Data extract Block Start

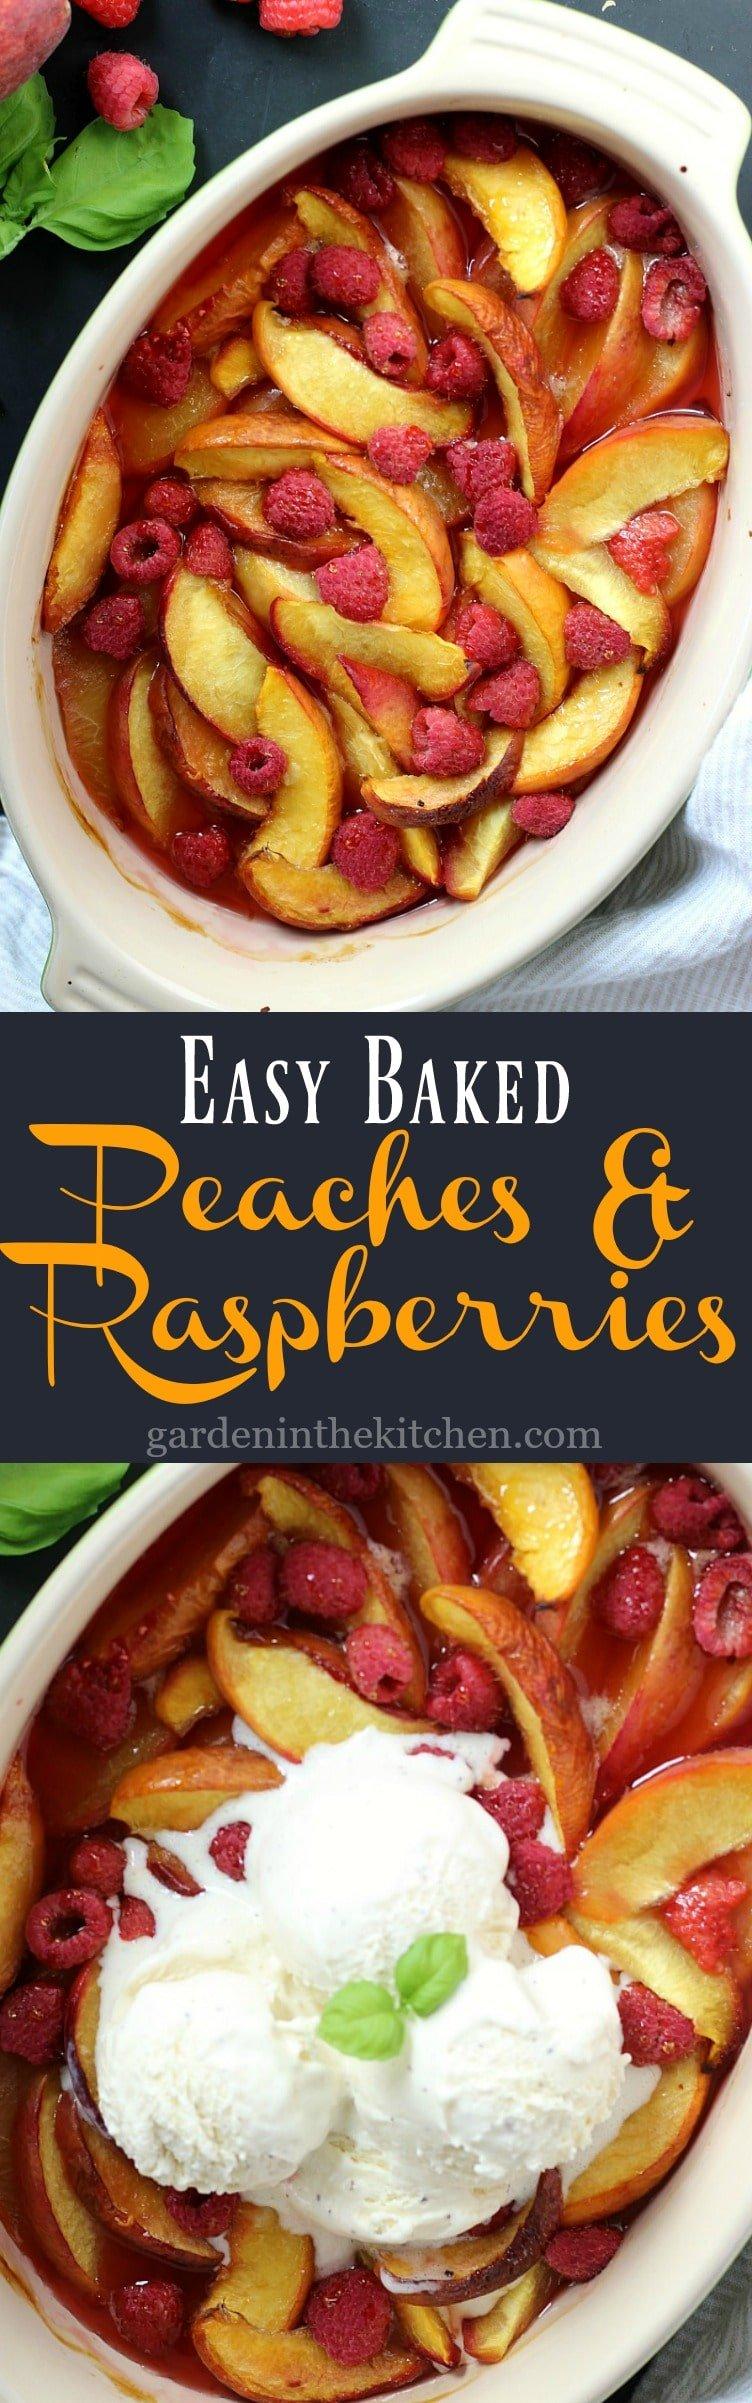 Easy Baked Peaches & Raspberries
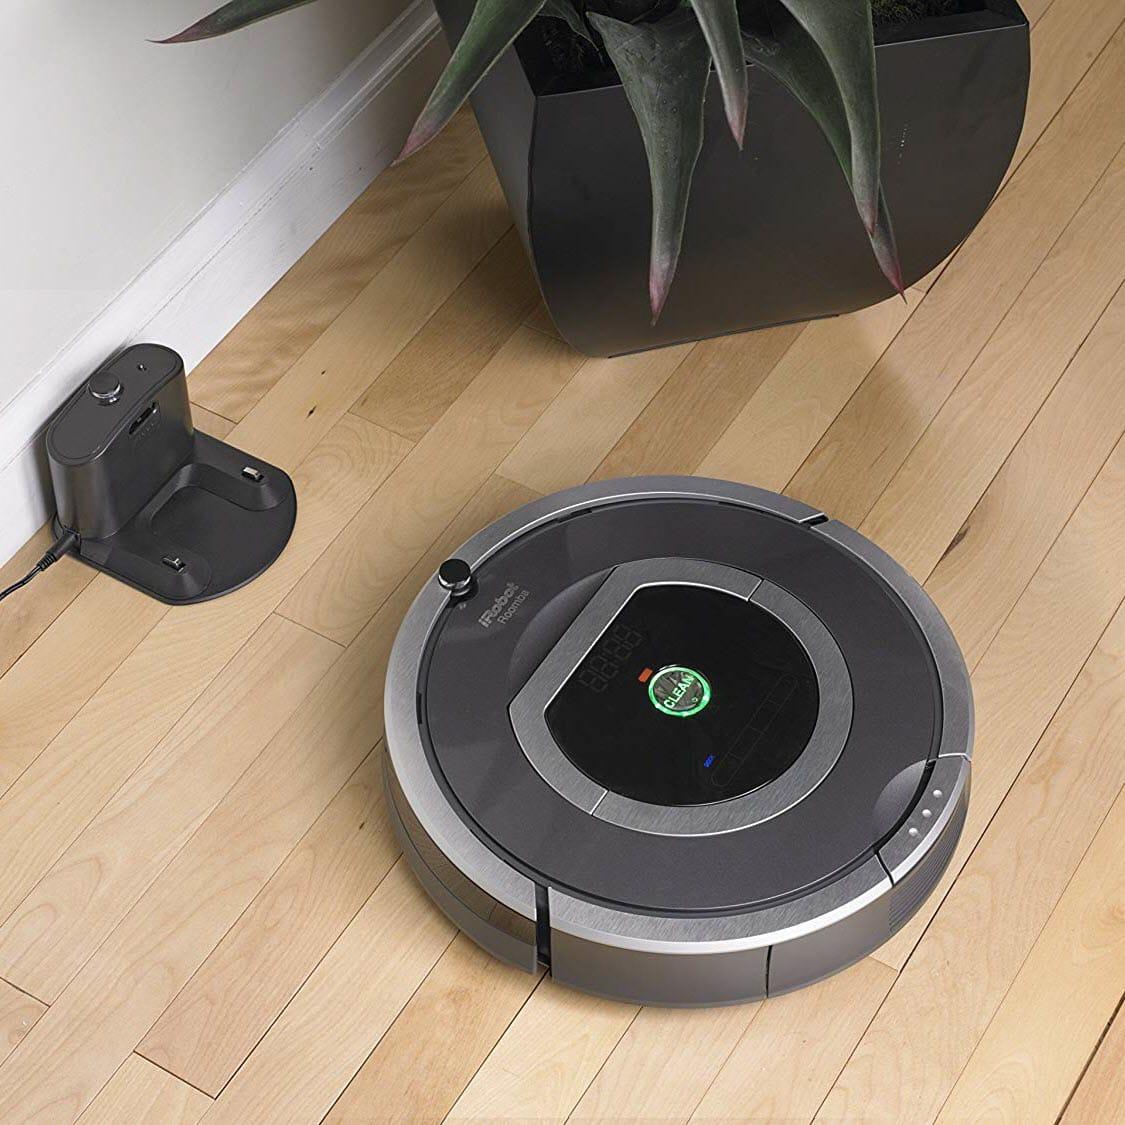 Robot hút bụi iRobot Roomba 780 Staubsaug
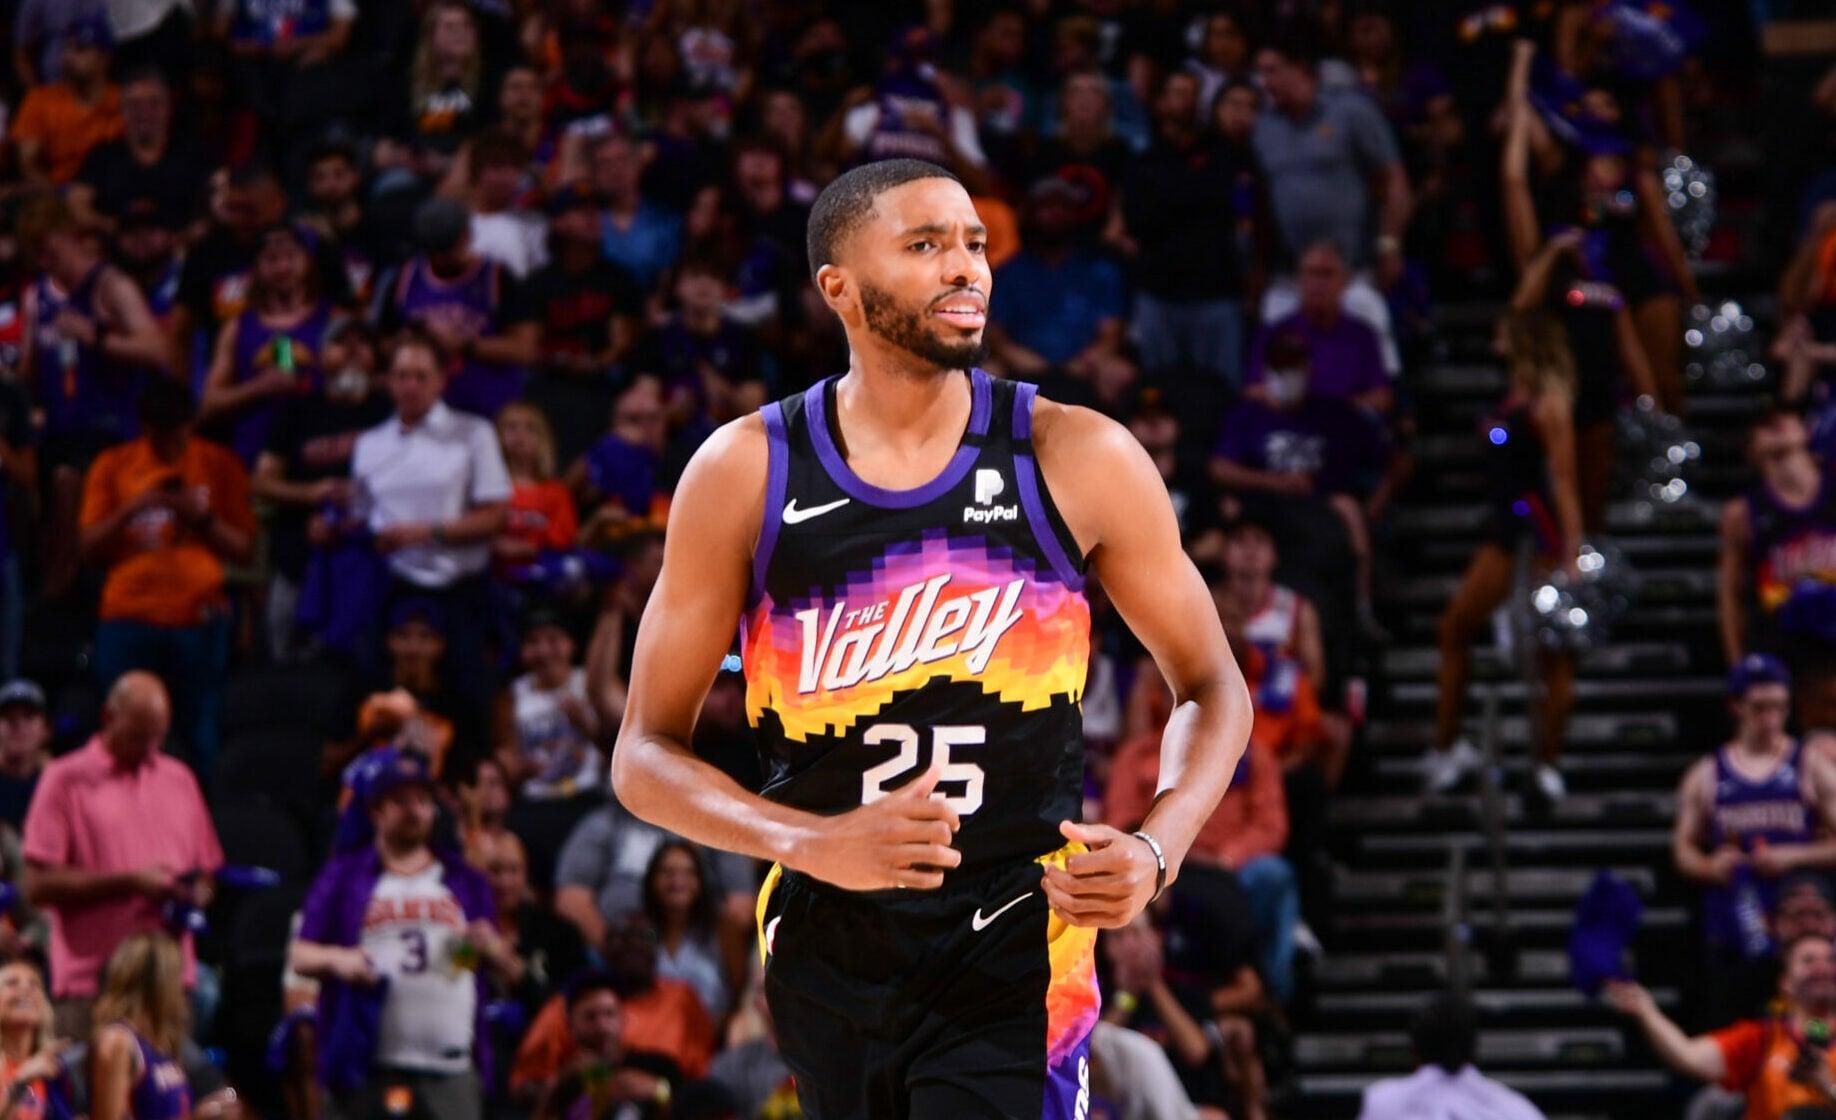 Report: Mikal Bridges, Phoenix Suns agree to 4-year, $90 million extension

Data extract Block End

Reproduce all the data as it stands. The pictures are not part of the copy.

 Easy Baked Peaches & Raspberries
 Robot hút bụi iRobot Roomba 780 Staubsaug
 Report: Mikal Bridges, Phoenix Suns agree to 4-year, $90 million extension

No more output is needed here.